Keisenhofer nyaris tak melihat ke belakang, untuk tahu seberapa jauh ia berada di depan dan siapa yang mencoba mengejar. Yang ia lakukan hanya menjaga ketenangan.

Ketika bendera finish terlihat dan tak ada orang lain di sisinya, Keisenhofer mengangkat kedua tangan, terhuyung, membiarkan tubuhnya jatuh ke pelukan tim, dan menangis.

“Ini tidak realistis,” ujar pebalap usia 30 tahun itu seraya sesenggukan. “Saya tidak percaya mampu melewati batas kemampuan saya.”

Keisenhofer menyelesaikan balapan kurang dari empat jam. Van Vleuten masuk finish 75 menit di belakangnya.

Momen Siaran Langsung

Keputusan Keisenhofer melakukan solo run di 40 kilometer terakhir dipicu satu hal; kenangan akan orang-orang dicintainya menyaksikan siaran langsung setiap kali dirinya membalap di Austria.

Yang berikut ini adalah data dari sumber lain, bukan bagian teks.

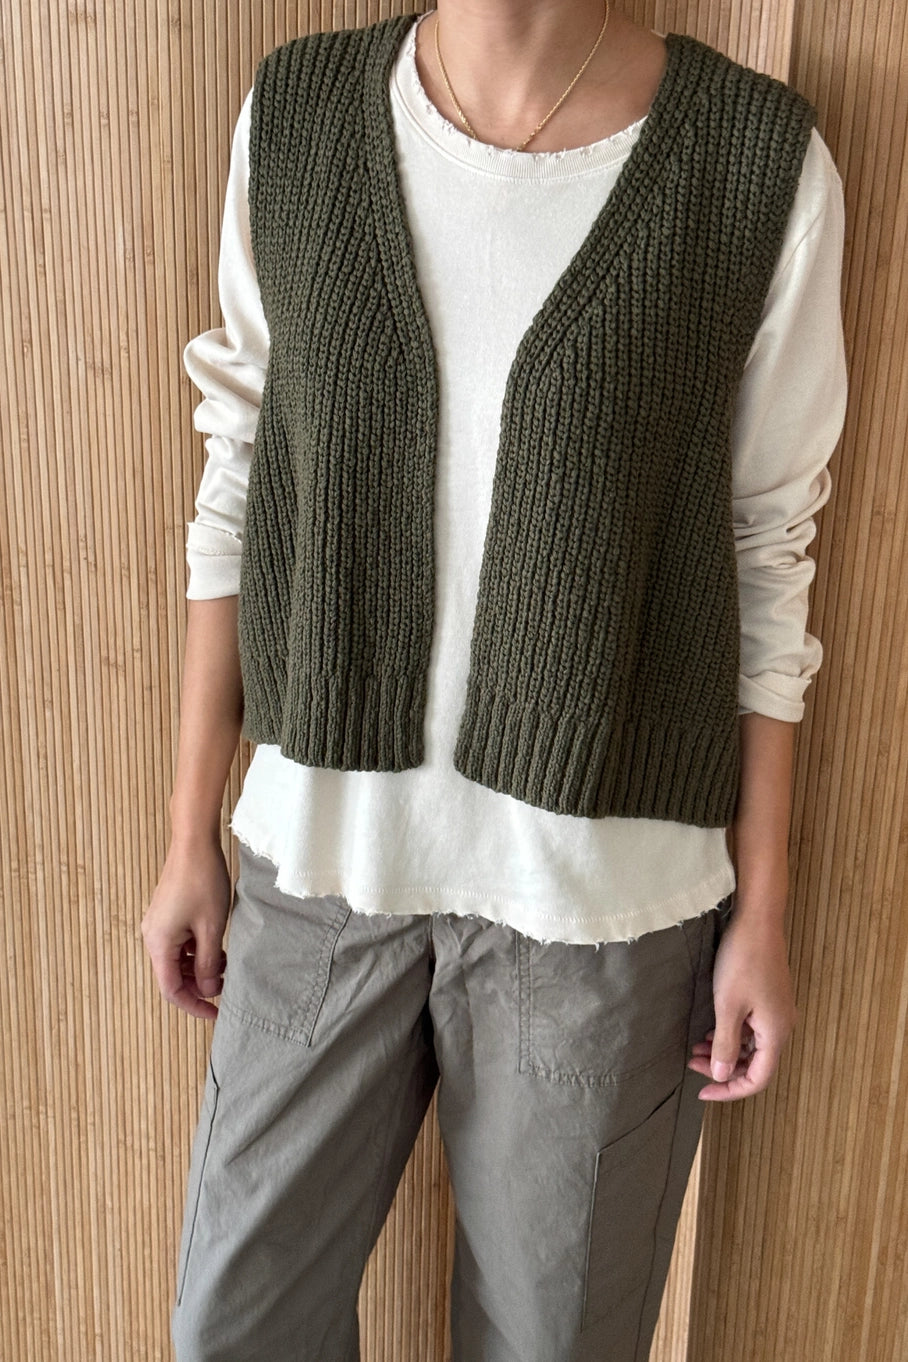 granny cotton sweater vest

“Saya tahu keluarga saya sedang menonton. Saya memvisualisasikannya,” kata Keisenhofer. “Saya memikirkan mereka akan bersorak ketika saya berada di depan, berteriak memberi semangat. Pelatih-pelatih saya, teman-teman, pasti menonton.”

Keisenhofer tidak dibesarkan dari keluarga penyuka olahraga bersepeda. Kedua orang tuanya tidak suka melihat Keisenhofer menekuni olahraga itu, tapi tak bisa melakukan apa-apa untuk melarang.

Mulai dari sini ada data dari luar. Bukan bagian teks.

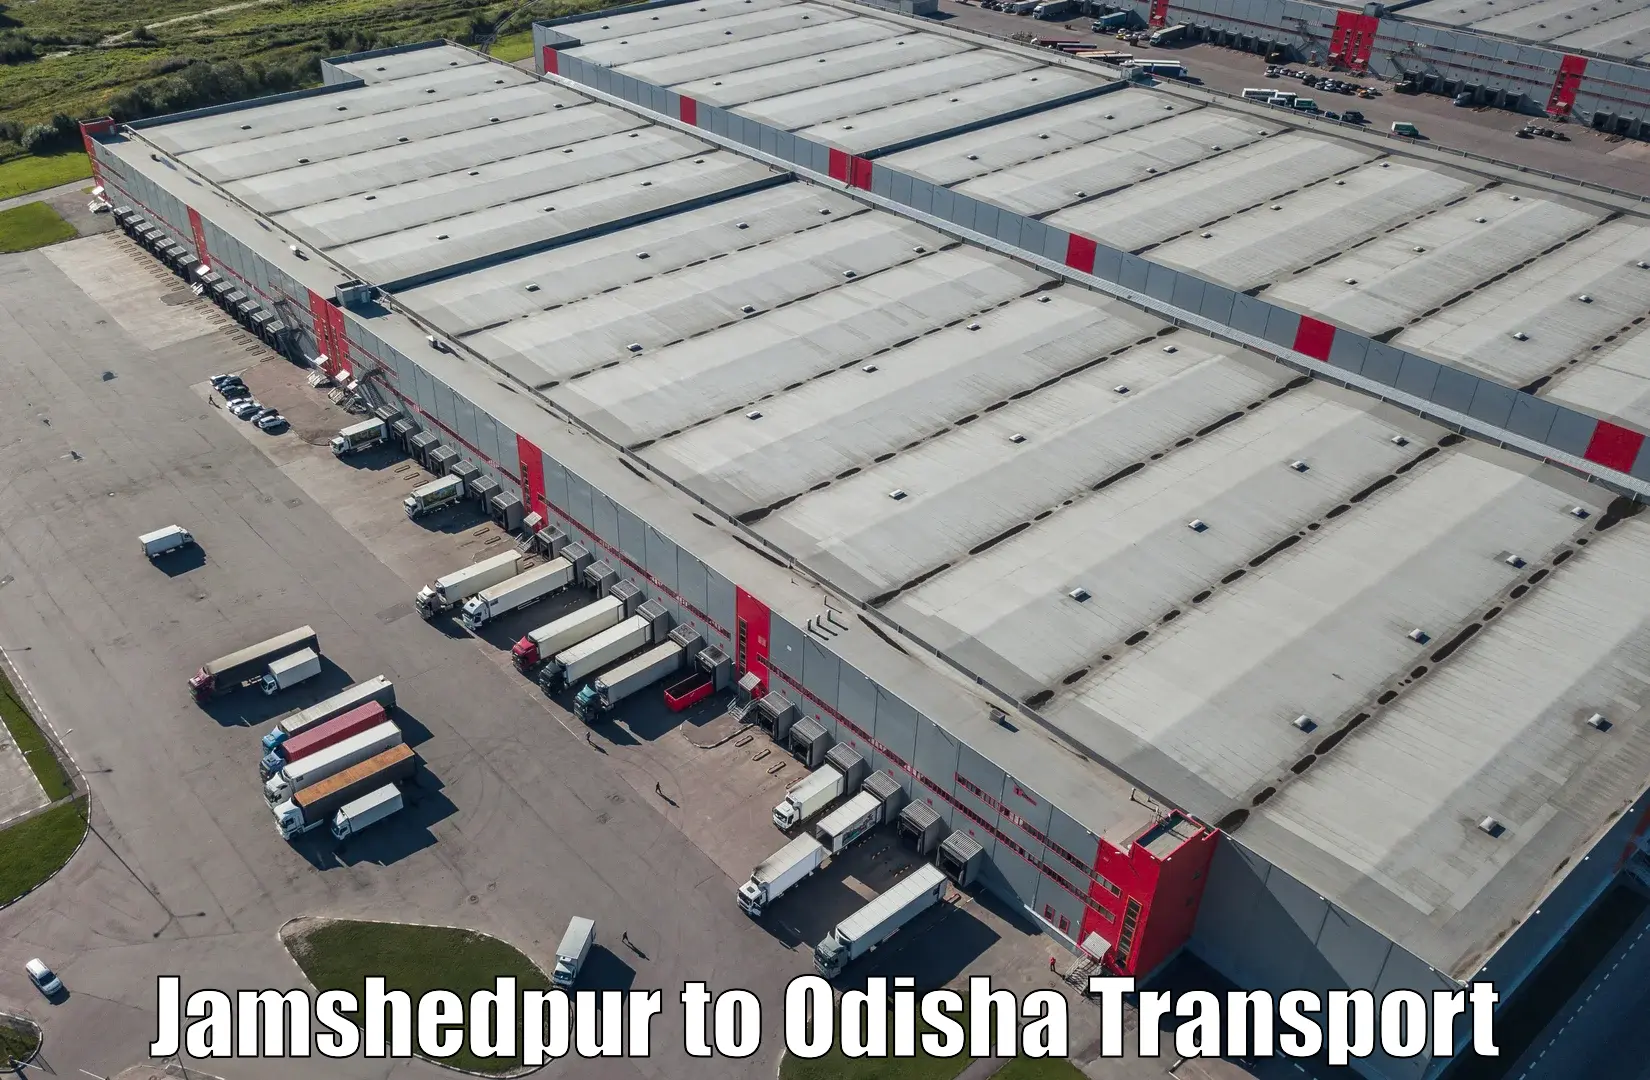 Furniture transport service Jamshedpur to Garjanpur

Pada akhirnya, yang bisa dilakukan keluarga hanya mendukung agar Keisenhofer bahagia.

“Mereka tidak tahu banyak tentang olahraga bersepeda,” kenang Keisenhofer. “Tapi saya yakin ibu saya menonton perjuangan saya di Olimpiade ini.”

Kecakapan Intelektual

Sampai 2017, Keisenhofer bukan bagian tim bersepeda profesional Austria. Ia berlatih dengan bimbingan banyak orang, tapi tidak ada yang sesuai dengan karakternya.

Keisenhofer lebih suka membuat pilihan sendiri. Ia menyusun rencana latihan sendiri, pilihan balapan yang akan diikuti, dan lainnya.

“Saya adalah pejuang yang kesepian,” kata Keisenhofer.

Orang-orang terdekatnya mengatakan Keisenhofer menyadari kekurangan fisik, tapi mengatasinya dengan kecakapan intelektual.

Keisenhofer adalah master dalam matematika. Gelar itu diperoleh dari Universitas Cambridge. Ia juga peraih gelar PhD matematika terapan dari Polytechnic University of Catalonia, Barcelona.

Ia tak punya ahli gizi, dan tak memiliki orang-orang yang memberinya pertimbangan tentang strategi balapan.

“Sebagai ahli matematika, saya terbiasa memecahkan masalah sendiri,” kata Keisenhofer. “Saya menggunakan pendekatan matematika saat berlaga.”

Pebalap sepeda profesional, kata Keisenhofer, dikelilingi orang-orang yang berperan menjadikannya juara; mulai dari pelatih, ahli gizi, perencana strategi balapan, dan lainnya.

“Saya tidak memiliki semua itu. Saya melakukannya sendiri,” kata Keisenhofer.